Lake City Research Center seeks to improve environmental health through grazing | New


LAKE CITY – Cattle grazing in the field is a common sight when passing farms in the area.

The Lake City Research Center would like to study the impact of these cattle on soil health and how better pasture management can benefit the environment and farmers.

Faculty director and Michigan State University professor Jason Rowntree said the center hosted about 30 scientists from the United States and the United Kingdom last summer. These scientists spent time setting up instruments around the center farm to monitor energy flow, carbon dioxide, the water cycle and biodiversity throughout the farm.

Rowntree said it has also implemented cow grazing management techniques at the sites. He said one group uses the standard approach, which allows cows to graze continuously. The other group uses an adaptive approach, which limits cow grazing time and allows longer plant recovery time.

The goal of all this work is to understand the impact of livestock on farmland and the environment.

“In Lake City over the past 12 years, we’ve actually seen significant improvements in our soil, our carbon, and the overall function of our land on the farm,” Rowntree said. “And so, with this framework, we are very interested in the impact of livestock management on the ecological function of the land.”

Rowntree said the research is part of their project Metrics, Management and Monitoring: An Investigation of Pasture and Rangeland Soil Health and its Drivers, or three-Ms for short. The $19.2 million project is funded by several organizations, including the Foundation for Food and Agriculture Research, the Noble Research Institute, the Greenacres Foundation, the Jones Family Foundation and ButcherBox.

The study is being conducted in Michigan, Wyoming and Oklahoma.

“It’s a five-year study,” Rowntree said. “So we’re going to be monitoring Lake City for five years, but starting next year we’re going to start identifying participants in all three states so that we have 20 ranch participants in each state, and we hope to do a level monitoring and instrumentation at these sites as well.

With the study in its early stages, Rowntree said the results are preliminary and very difficult to verify.

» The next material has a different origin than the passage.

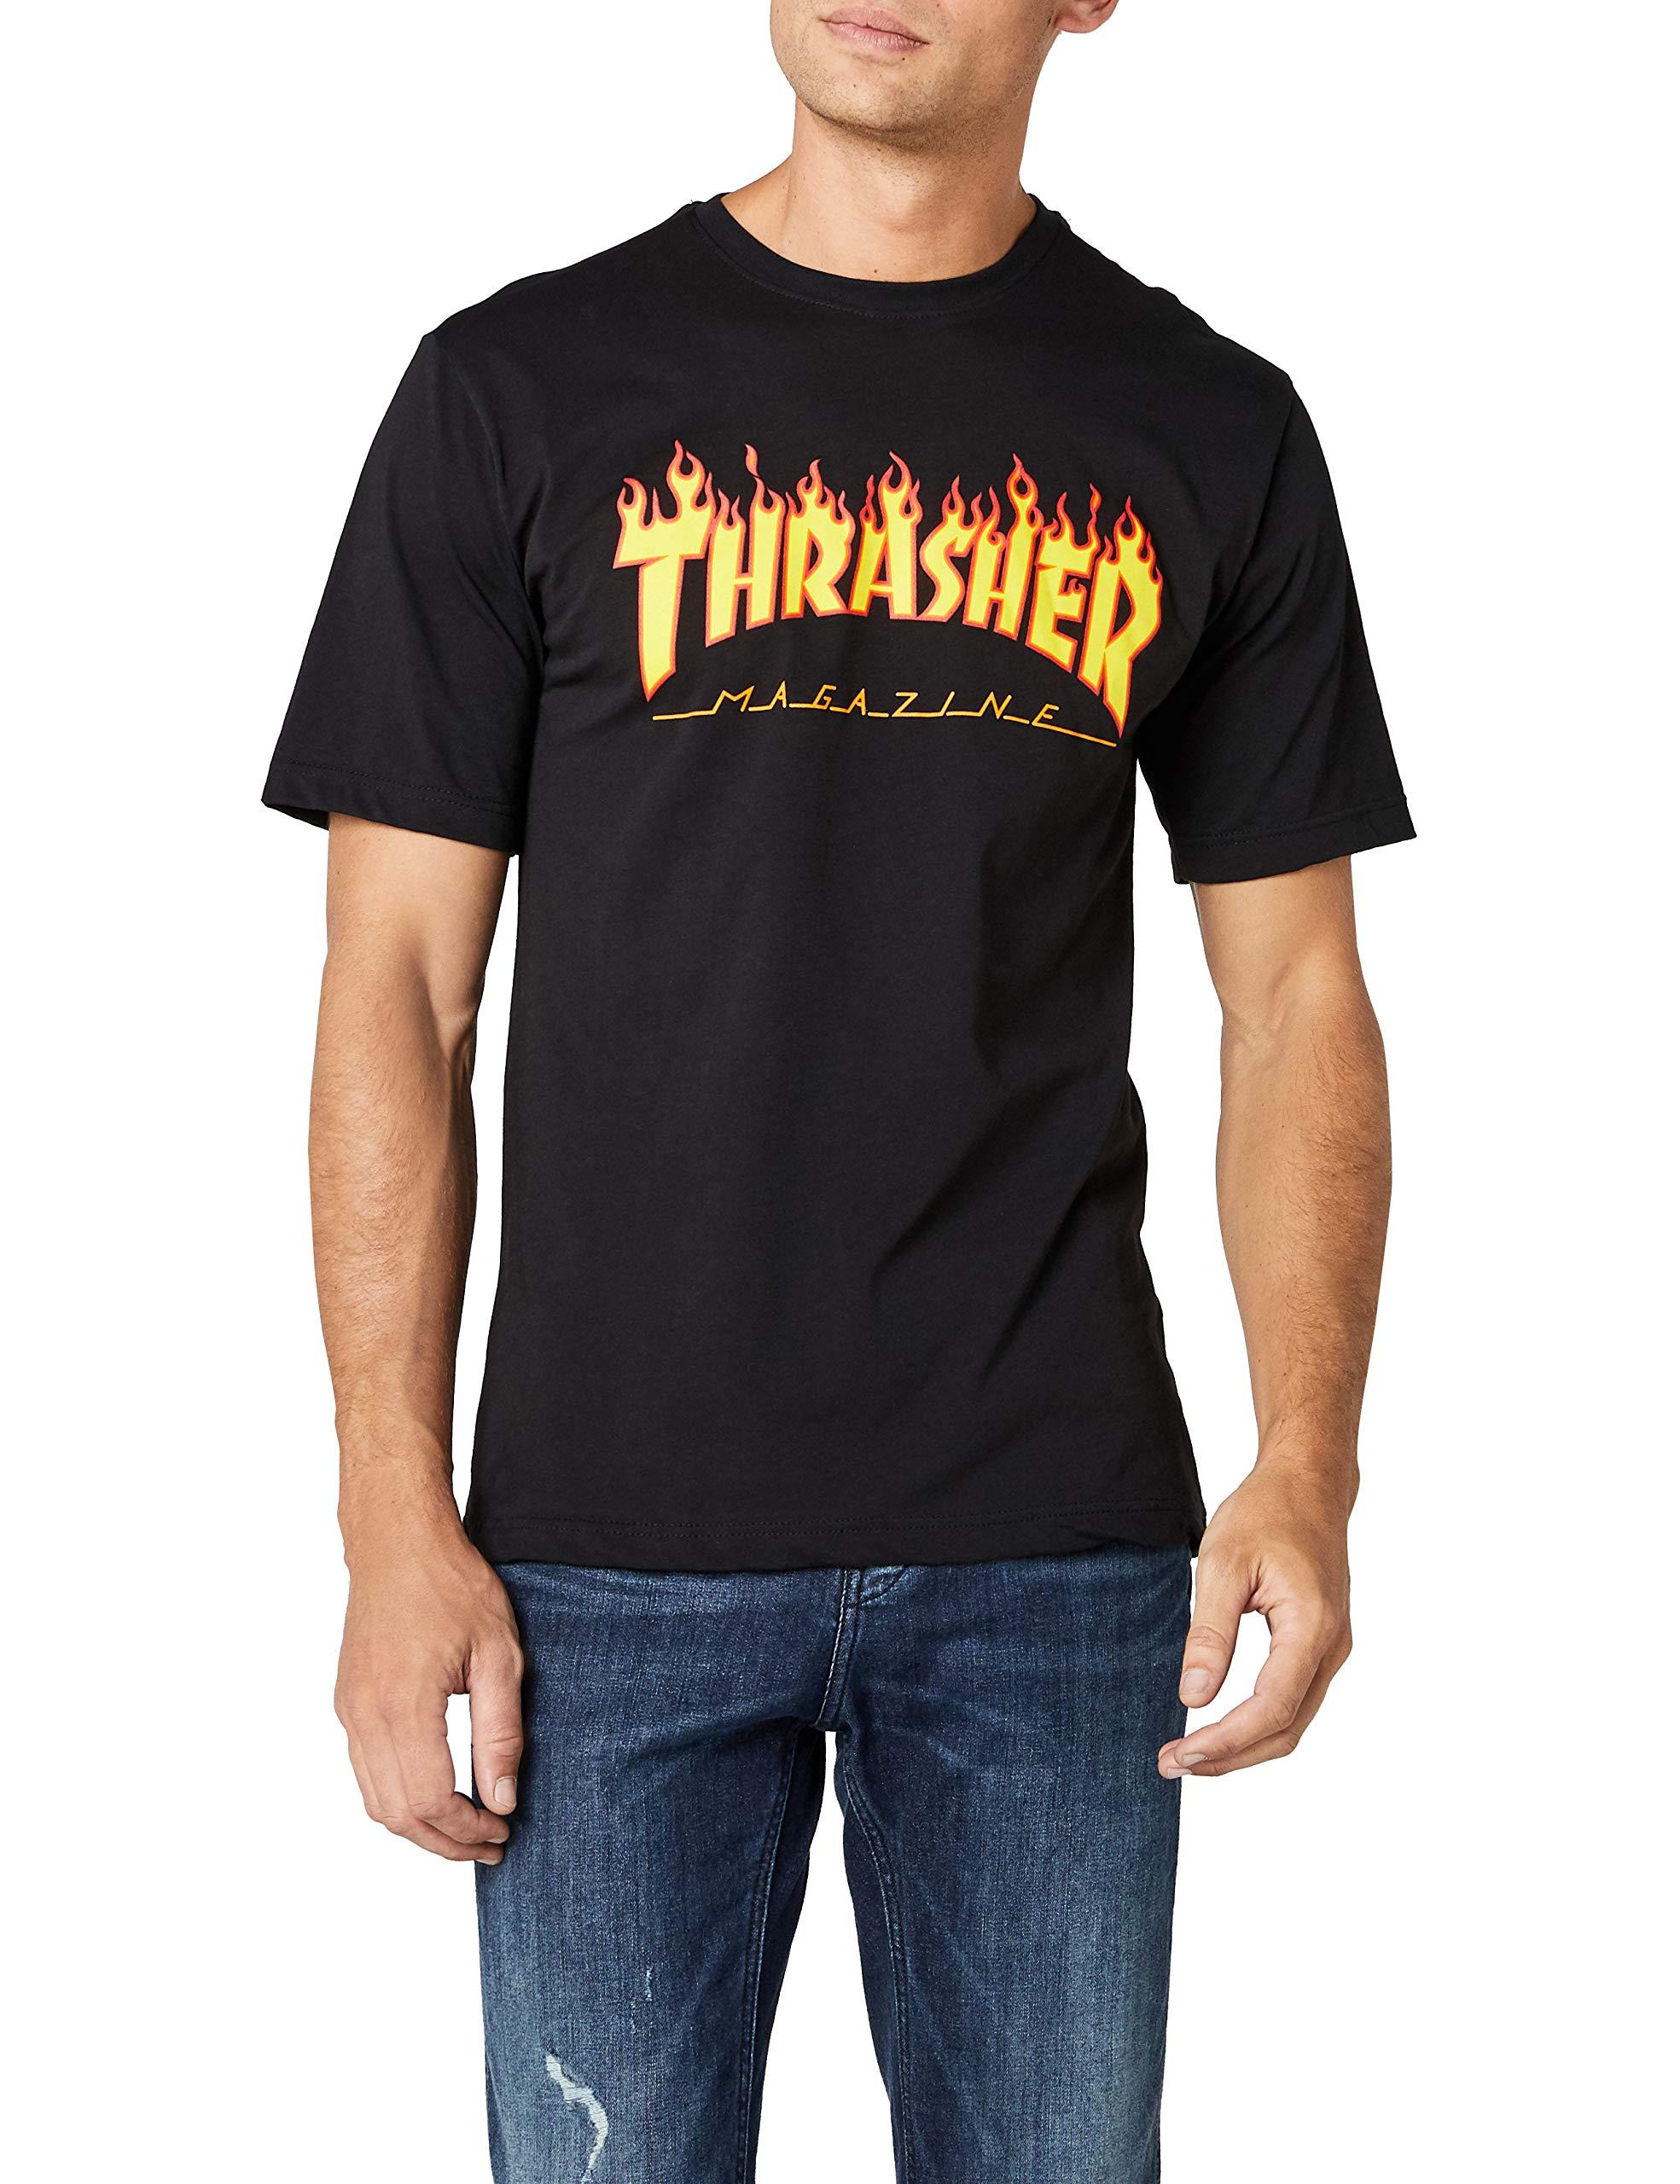 Thrasher Magazine Flame Logo T-Shirt - Medium- Black by Thrasher (Image #1)

That’s not to say they haven’t already made some interesting discoveries.

“We can already see that through the management of our measurements and instrumentation, we are definitely seeing CO2 stored underground,” Rowntree said.

“That’s a good thing,” he continued. “We want more underground and less in the atmosphere.”

There is more to come with the project. Rowntree said that over the next six months they will begin recruiting 60 producers from Michigan, Wyoming and Oklahoma to participate in the project.

“We would also like to understand what kind of practices are implemented on their sites,” he said. “What does the economy potentially look like? What do they think of the management? »

Rowntree said he wants to use this collaborative effort as an educational opportunity to learn from producers as well as each other. He said cattle are seen as potentially bad for food production, but they want to show there are benefits to using cattle.

“We hope that through our work we can demonstrate that good management is in fact a good thing and that livestock can be good for the land,” he said.

The benefits don’t stop there. Rowntree said they also hope to provide better feedback to growers to help them improve the health of their land and the environment.

“We would also like to build larger, more predictive models to use to assess landscape function and ecology,” he said. “And hopefully through that we can provide feedback tools to growers, so they can see what their land is doing based on how they’re managing it in terms of carbon and water.”

Throughout the project, Rowntree said the goal was to work hand-in-hand with farmers to identify different management processes and improve landscape function.

An extension is also under consideration. Rowntree said they are working on additional funding opportunities to more accurately measure all greenhouse gases flowing through the system and install more instruments on their farms and ranches.

He also said that they want to add other geographical regions as different parts of the country have different climates, vegetation and other factors.

“Management is complex and very focused on this one site,” he said. “It’s by no means a one-size-fits-all.”

A website is in the works to let people know more about the project and its progress. Rowntree said they hope to release it by the end of the year.